- **Aim of the task**
The material below includes pictures; leave them out and return only the lines between the line containing "Talk To Me Goose Women's Fit T-Shirt" and the line containing "Arrastra Wilderness Big", inclusive, word for word.

- **Provided data**
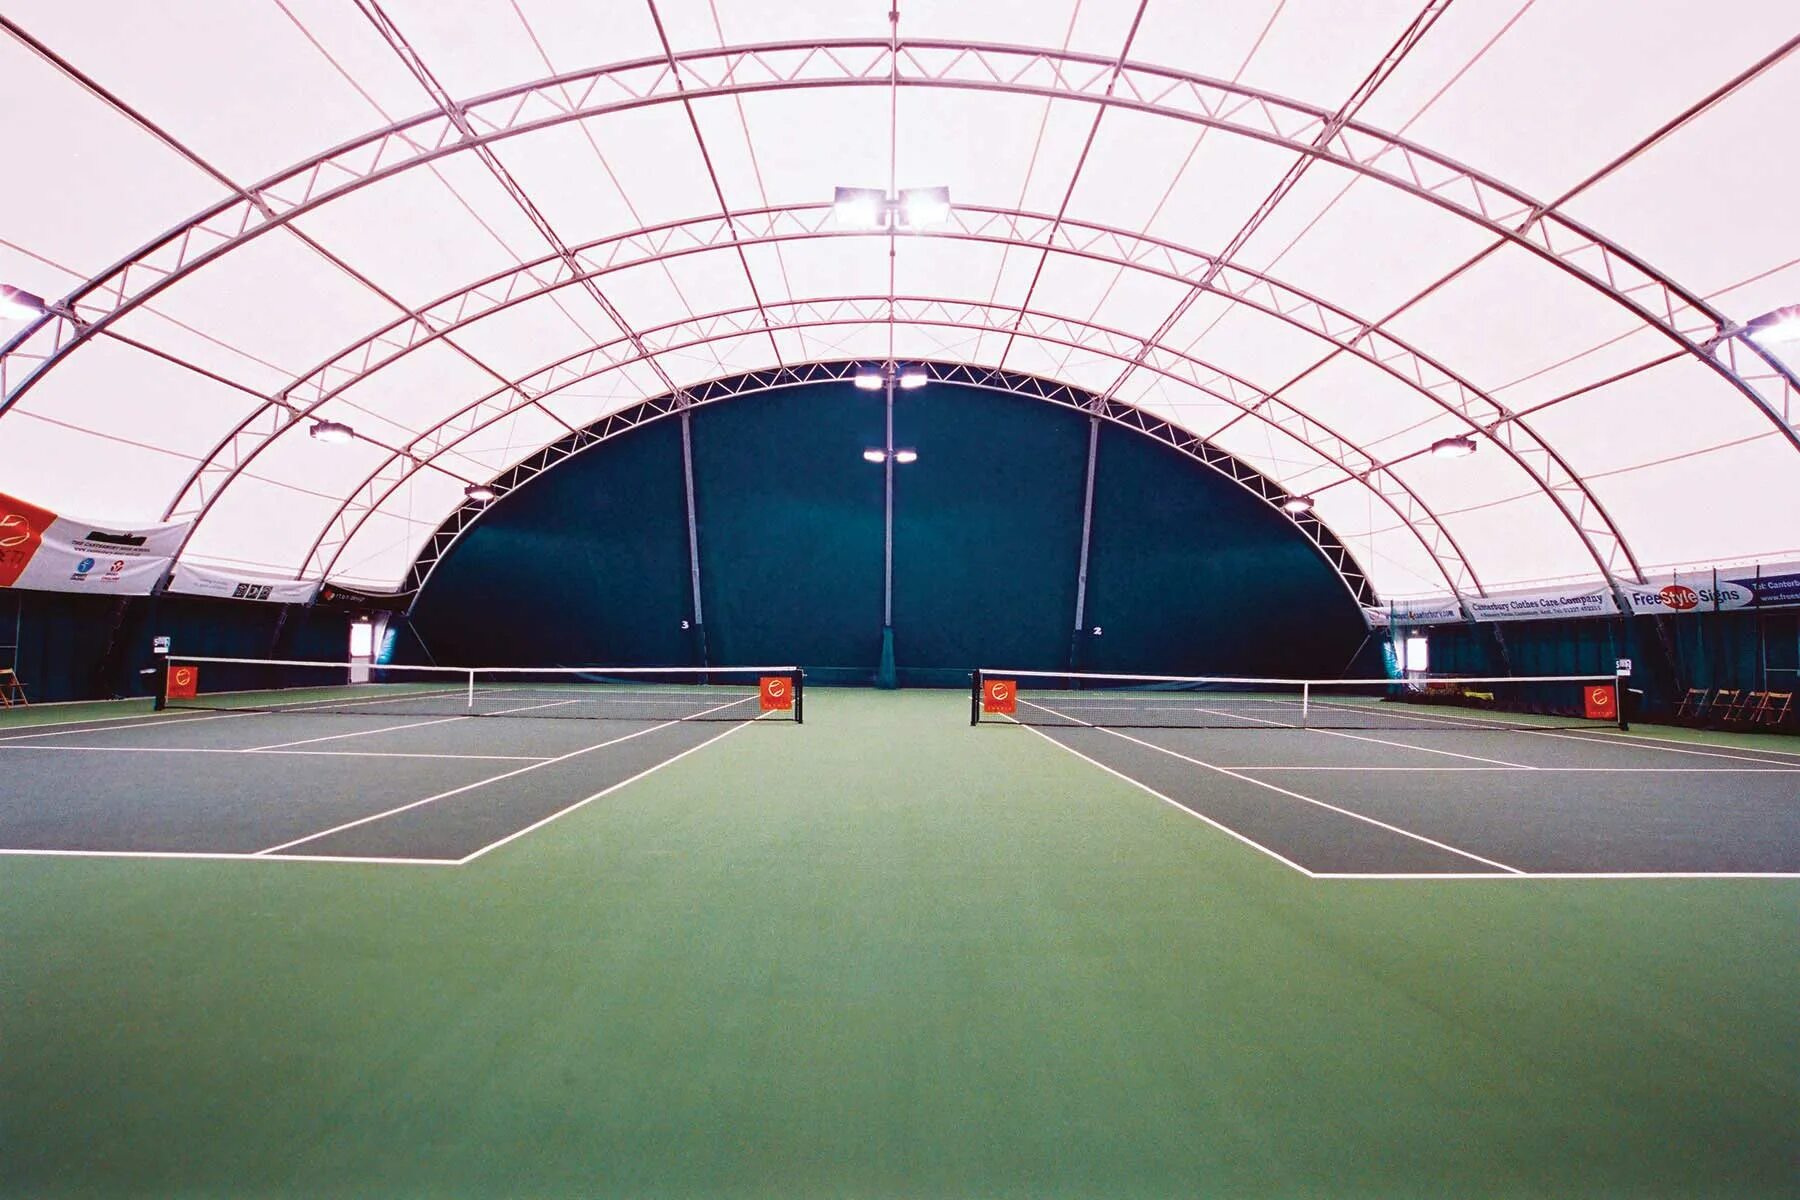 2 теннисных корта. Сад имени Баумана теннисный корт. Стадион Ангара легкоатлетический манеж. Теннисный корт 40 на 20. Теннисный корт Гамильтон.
...
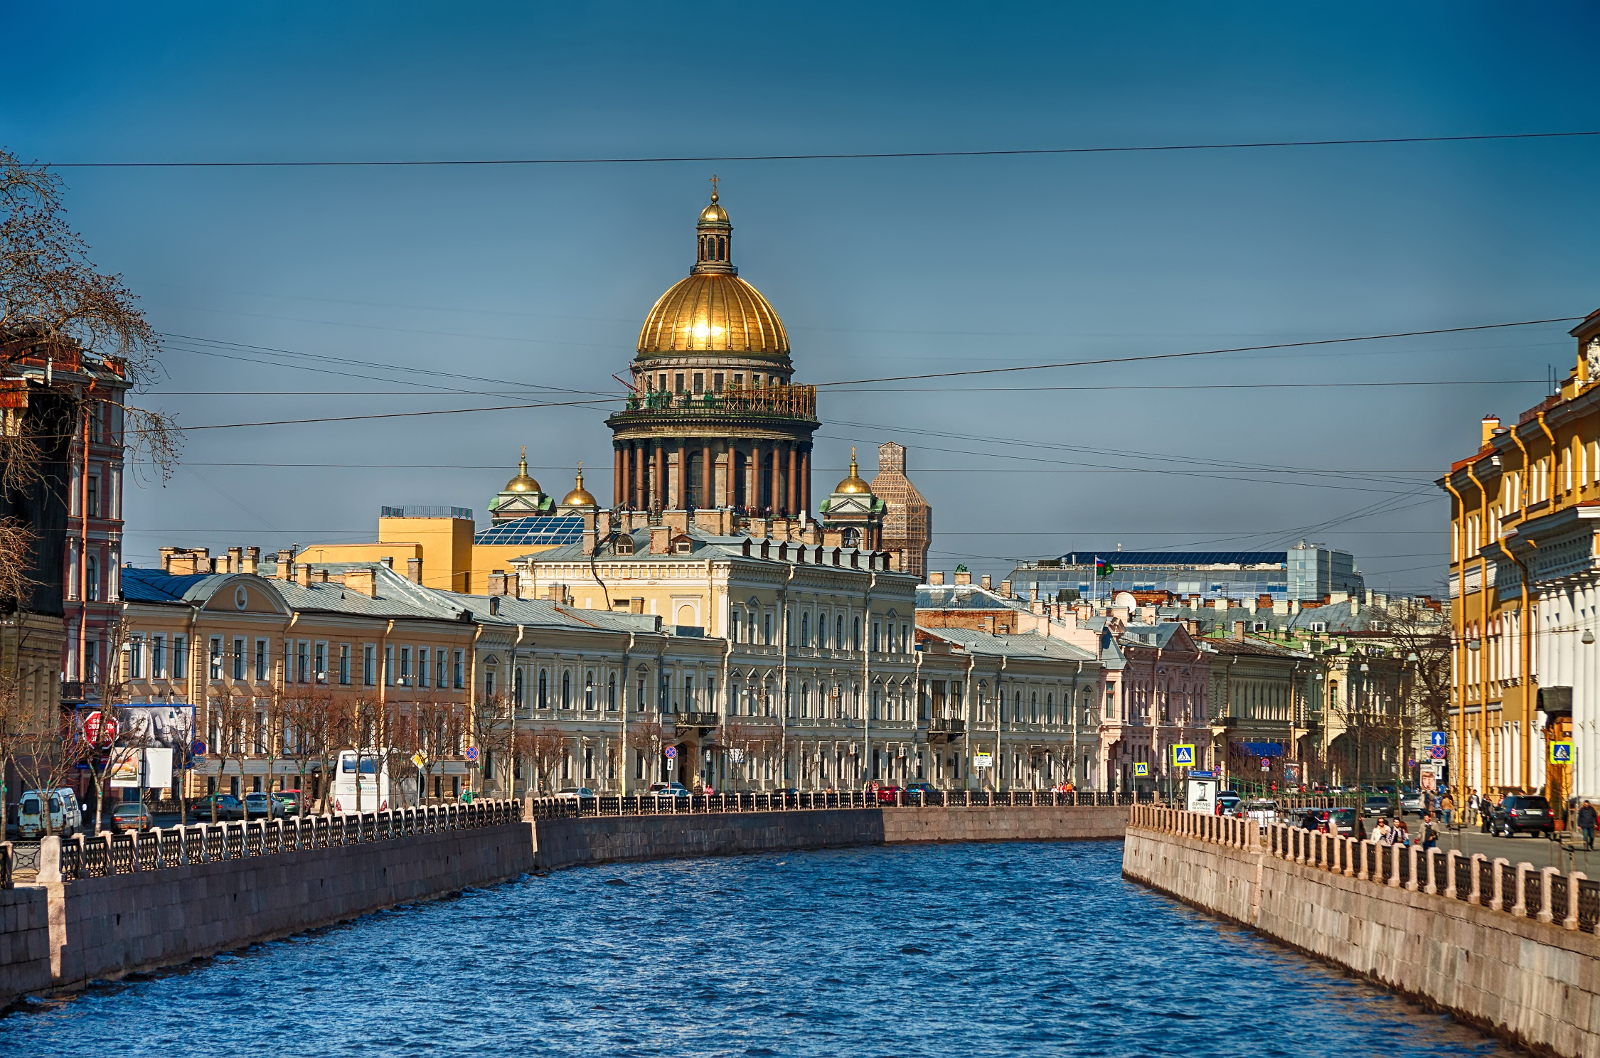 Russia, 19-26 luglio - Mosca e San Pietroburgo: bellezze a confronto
---
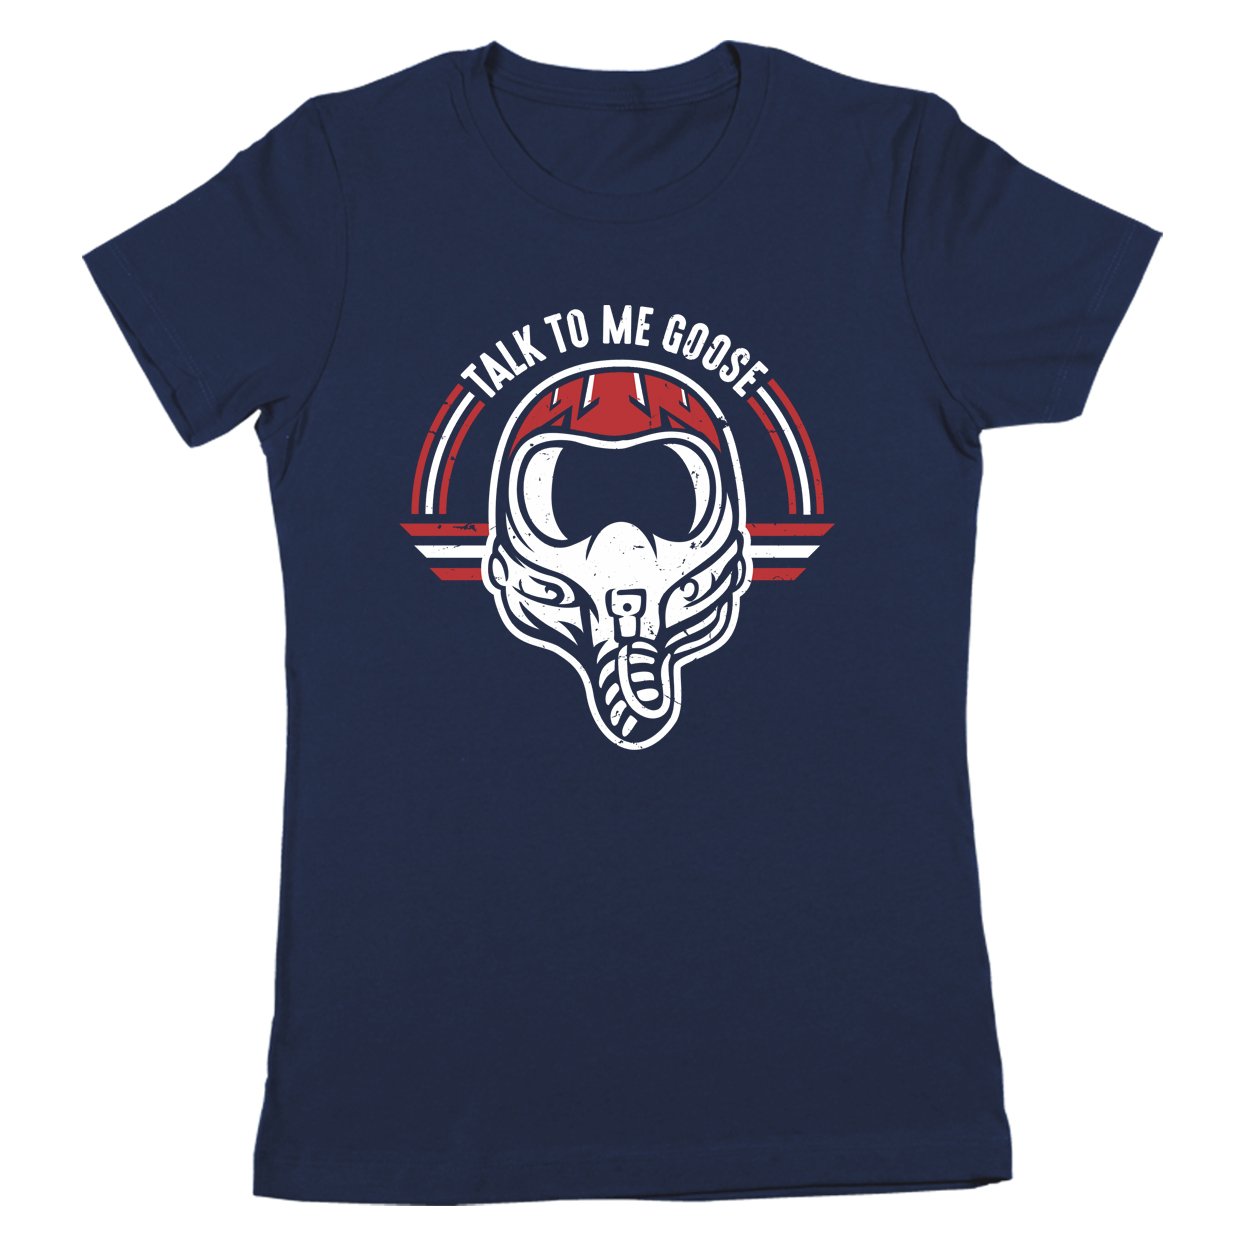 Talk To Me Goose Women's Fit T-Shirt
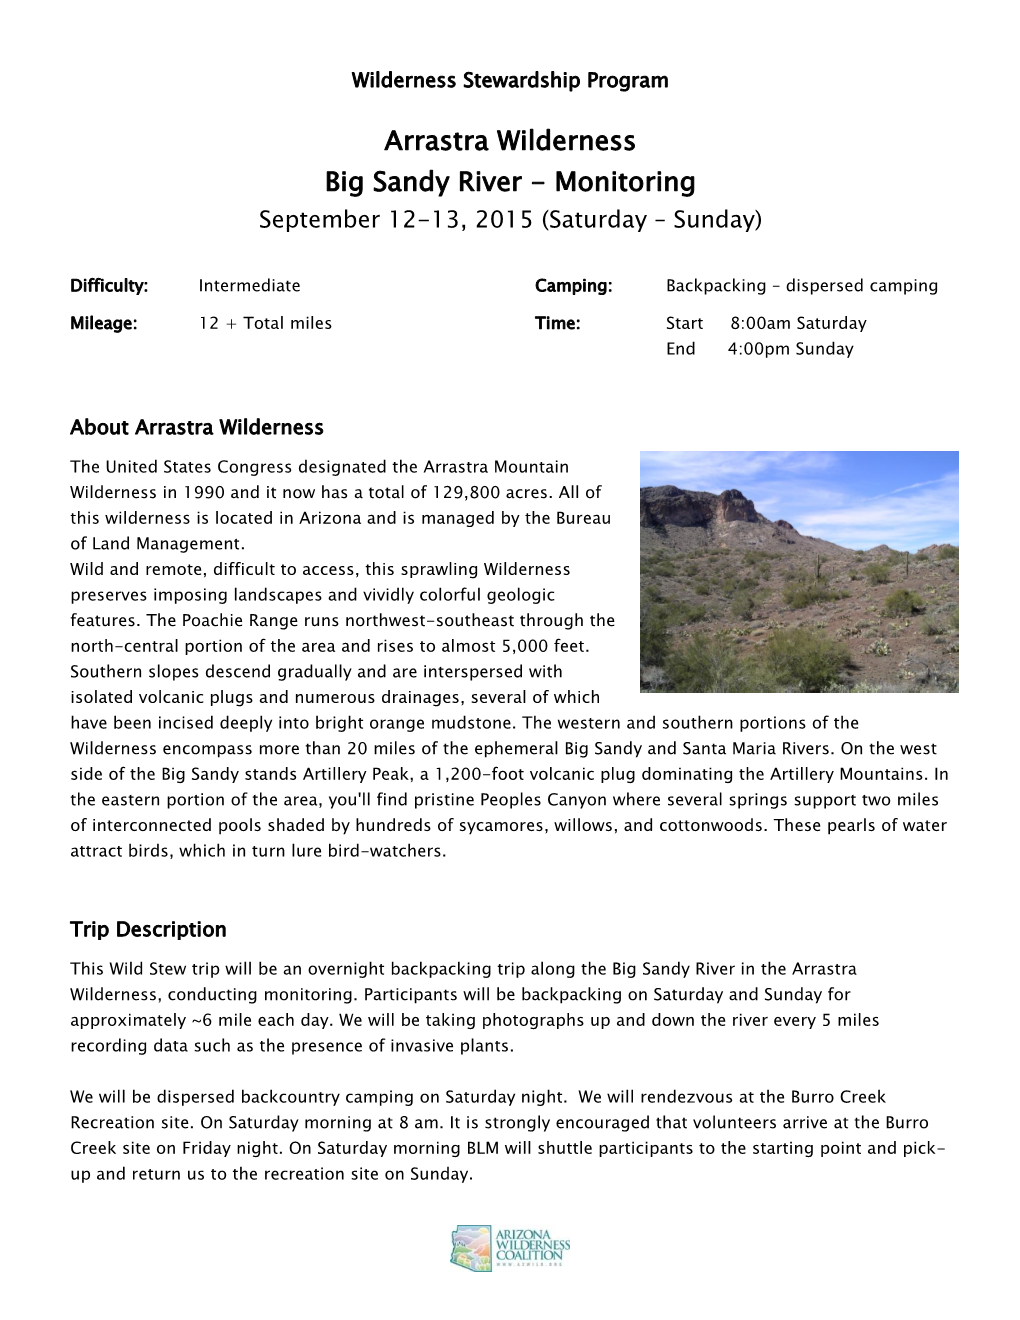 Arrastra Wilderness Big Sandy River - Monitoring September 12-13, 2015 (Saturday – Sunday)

- **Solution below**
 Talk To Me Goose Women's Fit T-Shirt
 Arrastra Wilderness Big Sandy River - Monitoring September 12-13, 2015 (Saturday – Sunday)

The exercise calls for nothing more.